The following is the final code
#!/usr/bin/perl -w
use strict;
use Time::Local;
chdir "/var/spool/wt400/gateways/" . $ARGV[0];
mkdir "capture", 0755 unless (-d "capture");
my $ListTime = 0;
my %Traps;
my @Files;
my $Counter = 1;
my $Size;
my $Now;
my $NF;
my $Matcher;
my $Match_code;
open (LOG, ">>/disk4/Logs/traps/" . $ARGV[0] . "_" . $ARGV[1] . ".log"
+);
flock(LOG,(2|4)) or exit;
select LOG;
while (1) {
if ($Counter > 20 || ! %Traps) {
if ( (stat("traplist." . $ARGV[1]))[9] gt $ListTime ) {
$ListTime = (stat(_))[9];
%Traps = ();
open (LIST,"traplist." . $ARGV[1]);
while (<LIST>) {
next if (/^#/ || /^Created\t\tExpires/ || /^\s*$/);
my @Fields = split "\t" , $_;
next unless (@Fields == 8);
chomp $Fields[7];
my($mon, $day, $year, $hour, $min) = split ?[-/:]? , $Fields[1
+];
my $Expiration = timelocal(0, $min, $hour, $day, $mon - 1, $y
+ear + 100);
$Traps{$Fields[7]} = [ $Expiration,@Fields[2,5,6] ];
}
close (LIST);
}
$Counter = 1;
}
$Now = time;
$Match_code = "";
$Size = 0;
foreach my $Trap (keys %Traps) {
unless ($Traps{$Trap}[0] < $Now && $Traps{$Trap}[1]) {
if ($Traps{$Trap}[3] eq "SIZE") {
$Size = $Traps{$Trap}[2] if ($Traps{$Trap}[2] > 0);
}
else {
$Trap =~ s/(\W)/\\$1/g;
$Trap = "(?i-xsm)" . $Trap;
$Match_code .= "return \"$Trap\" if \$_[0] =~ /$Trap/;";
}
}
}
exit unless ($Match_code || $Size);
$Matcher = eval "sub {" . $Match_code . "}";
if ($ARGV[1] eq "out") {
@Files = <out/do*>;
}
elsif ($ARGV[1] eq "in") {
@Files = <in/di*>;
}
else {
@Files = <out/do* in/di*>
}
matchfile(\@Files);
$Counter++;
sleep 3;
}
sub matchfile {
local($/) = \65536;
FILE:
while (my $File = shift @{$_[0]}) {
if ($Size && -s $File >= $Size) {
($NF = $File) =~ s/^.*\///;
rename $File , "capture/" . $NF . "-SIZE";
print time . " " . $NF . " " . (stat(_))[7] . " SIZE\n";
next FILE;
}
unless (open(FILE, $File)) {
next FILE;
}
while (<FILE>) {
my $Match = $Matcher->($_);
if ($Match) {
$Match =~ s/\(\?i-xsm\)//;
($NF = $File) =~ s/^.*\///;
rename $File , "capture/" . $NF . "-" . $Traps{$Match}[3];
print time . " " . $NF . " " . (stat(_))[7] . " " . $Traps{$Ma
+tch}[3] . "\n";
}
next FILE;
}
}
}
The traplist file that the data is read from looks like:
Created Expires Use Type Author Size Name Trap
07:36:56-07:36 07:36:56-07:36 1 0 XYZ 98765 SIZE N/A
07:36:56-07:36 07:36:56-07:36 1 0 XYZ N/A TRAP1 cool things to look for
The first arg is the name of the directory to look for the traplist file in as well as the base directory to work from based on arg 2.
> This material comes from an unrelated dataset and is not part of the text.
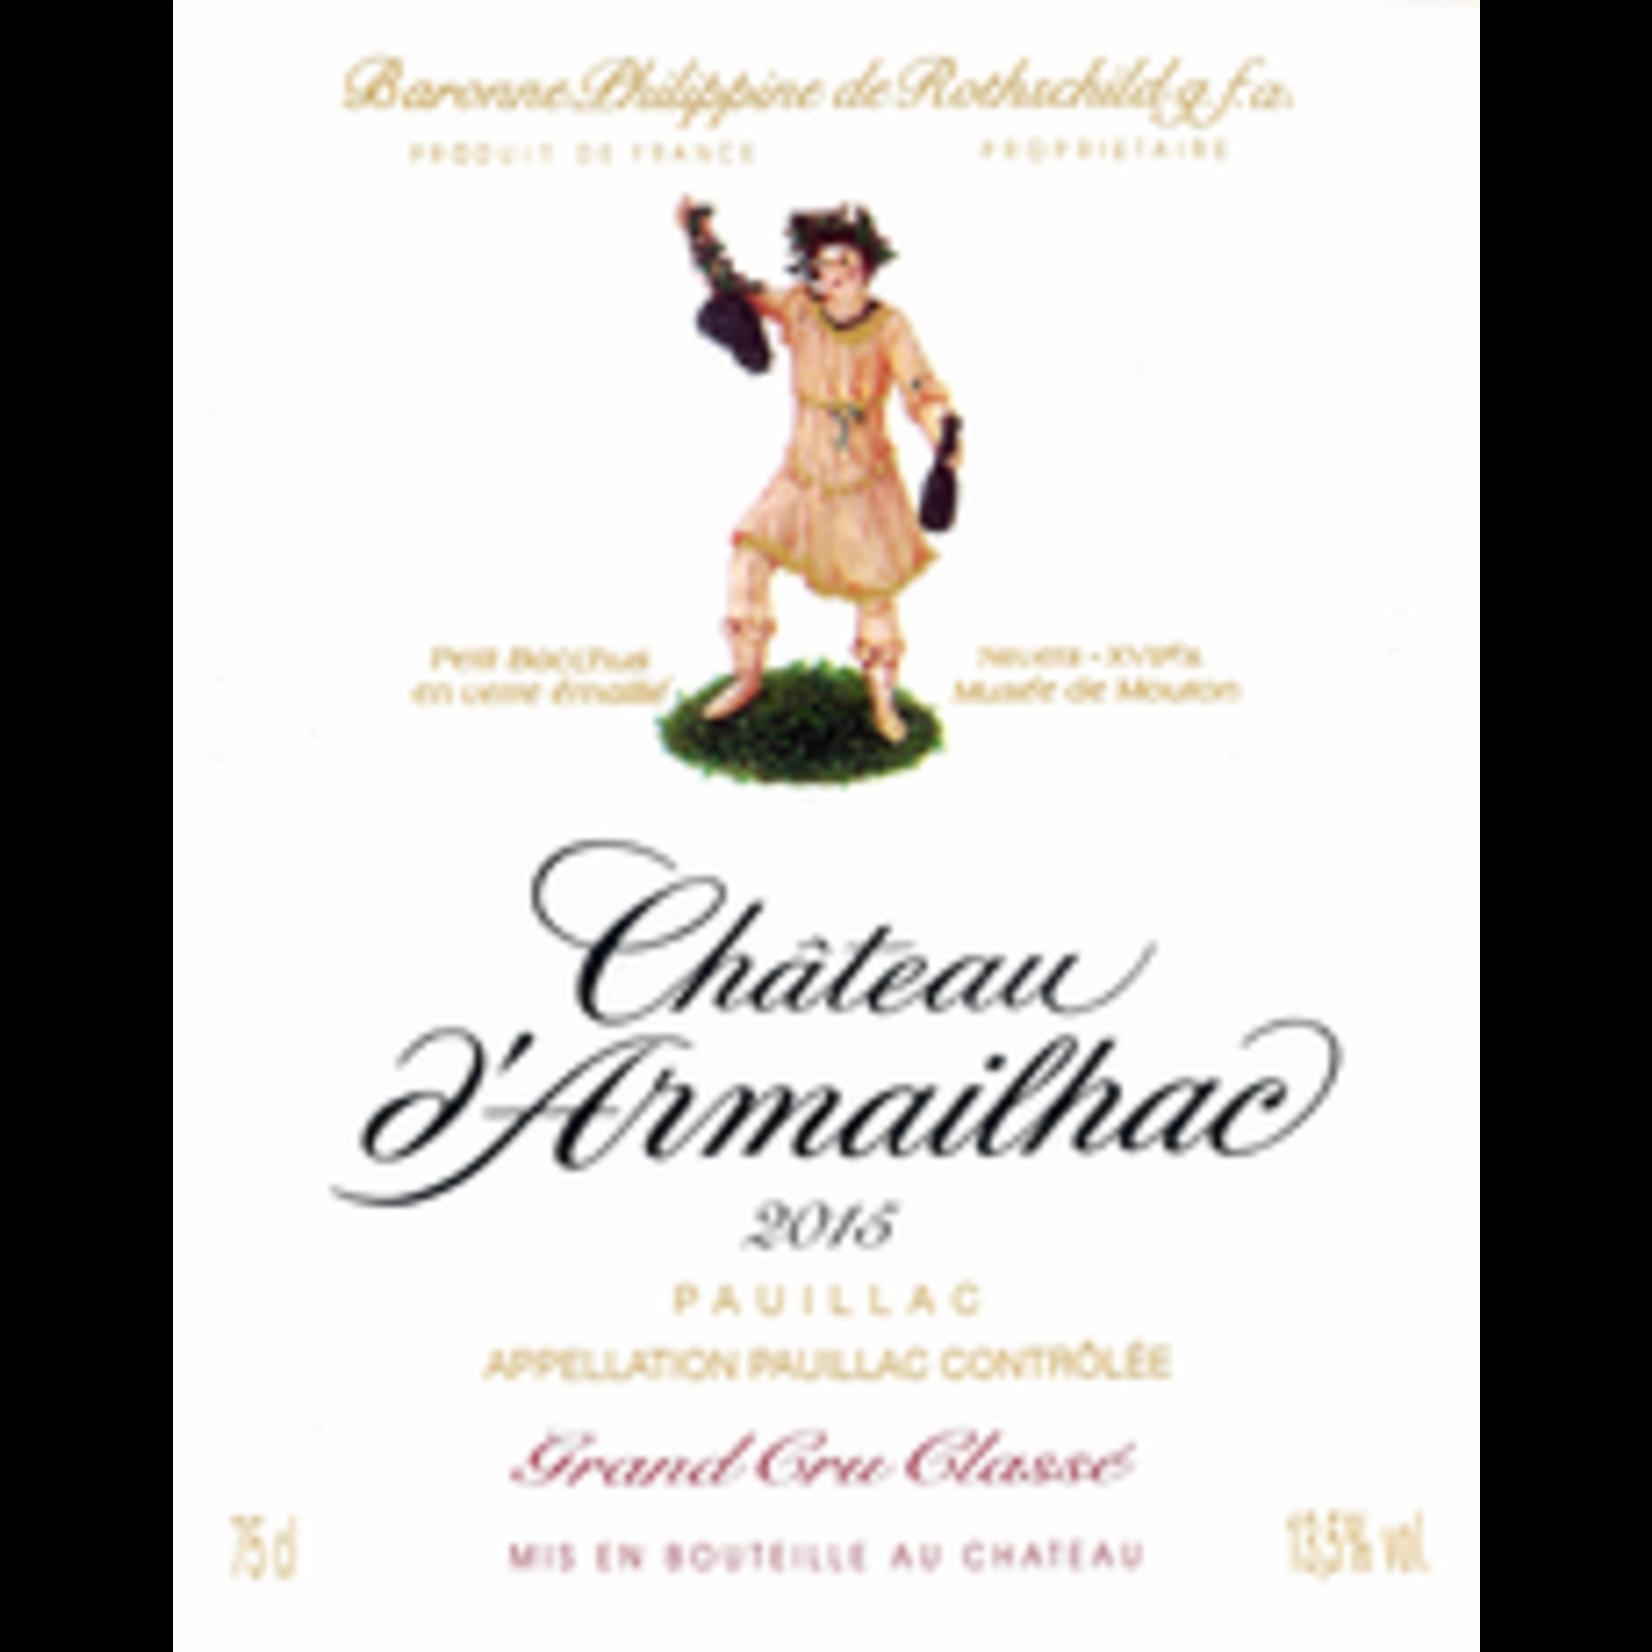 Wine Chateau d'Armailhac  2015

The second arg gives the second piece of information to find the traplist file as well as the directory to work in
If arg1 = blah, you would look for the traplist file in /var/spool/wt400/gateways/blah
If arg2 = out, you would open /var/spool/wt400/gateways/blah/traplist.out and you would do your work in /var/spool/wt400/gateways/blah/out
Ok, so without further ado - here is my problem:
I need to have about 20 copies of the exact same script running where the only difference is the two arguements past to it because there is a race condition beyond my control and now I am using way more memory than the shell scripts ever were. I compared:
ps -el | grep <shell> - sz = 50
ps -el | grep <perl> - sz > 300
I know where the gap is coming from and I could handle the difference for everything else I gained if it were only one copy, but that difference gets multiplied by every copy running (about 20).
The only thing that comes to mind is Threads, but I have heard such conflicting information I didn't even consider it when I started the port.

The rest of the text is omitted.